Big chipmakers including Intel, Samsung, and TSMC, and research lab Imec have been investigating CFETs, but IBM emphasizes its demonstration on a full wafer using a state-of-the-art manufacturing line and the staggered-stack distinction. IBM also expects designers will use the layout across many chip types, including GPUs and CPUs.

Why it matters

IBM’s nanostack targets density gains after device shrinkage hit physical limits: rather than pushing transistors to smaller geometries, the design builds up. Industry sources in the announcement framed this as a significant roadmap extension: Jay Gambetta, director of IBM Research, said, “It's not just an incremental step.” Dan Hutcheson, vice chair of TechInsights, added, “Absolutely, it’s transformational,” and suggested the technique could add ten to fifteen years to the roadmap. If adopted, the architecture could let data centers get more work per watt and better manage energy use.

The approach brings concrete performance claims: IBM reports up to 50% more work in the same time and up to 70% better energy efficiency compared with its prior generation. Those gains make the concept notable because conventional feature-size scaling has slowed; the industry has seen transistor pitch stay near about 40 nanometers even as generation names shrink.

What are the production challenges?

Stacking layers raises yield risk and thermal constraints. Fabrication errors in either layer can render a stacked chip defective, increasing cost compared with single-layer chips. Engineers also face a “thermal budget” problem: manufacturing steps must avoid melting connections to the layer underneath, effectively keeping processes below 400°C. IBM says it managed low enough temperatures to build the second stack but has not disclosed its methods.

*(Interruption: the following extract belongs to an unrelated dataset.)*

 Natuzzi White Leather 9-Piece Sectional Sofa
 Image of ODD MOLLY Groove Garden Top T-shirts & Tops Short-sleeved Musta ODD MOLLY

Academic groups are exploring alternative low-temperature routes. Qing Cao’s group demonstrated a stacking method using processing below 200°C by employing junctionless transistors that avoid a high-temperature doping step. Cao described IBM’s work as transformative partly because it shows stacking on a full wafer in a modern fab, while also noting practical scale-up questions remain.

What to watch

Look for who IBM partners with and when manufacturers begin trial runs: IBM says it will partner with semiconductor manufacturers and expects many conversations with designers about using the technology. Also watch for public demonstrations of multi-tier yields and disclosed manufacturing temperatures or process steps, which will show whether nanostacking can scale beyond prototype wafers and into data-center deployments within the next decade as IBM suggests.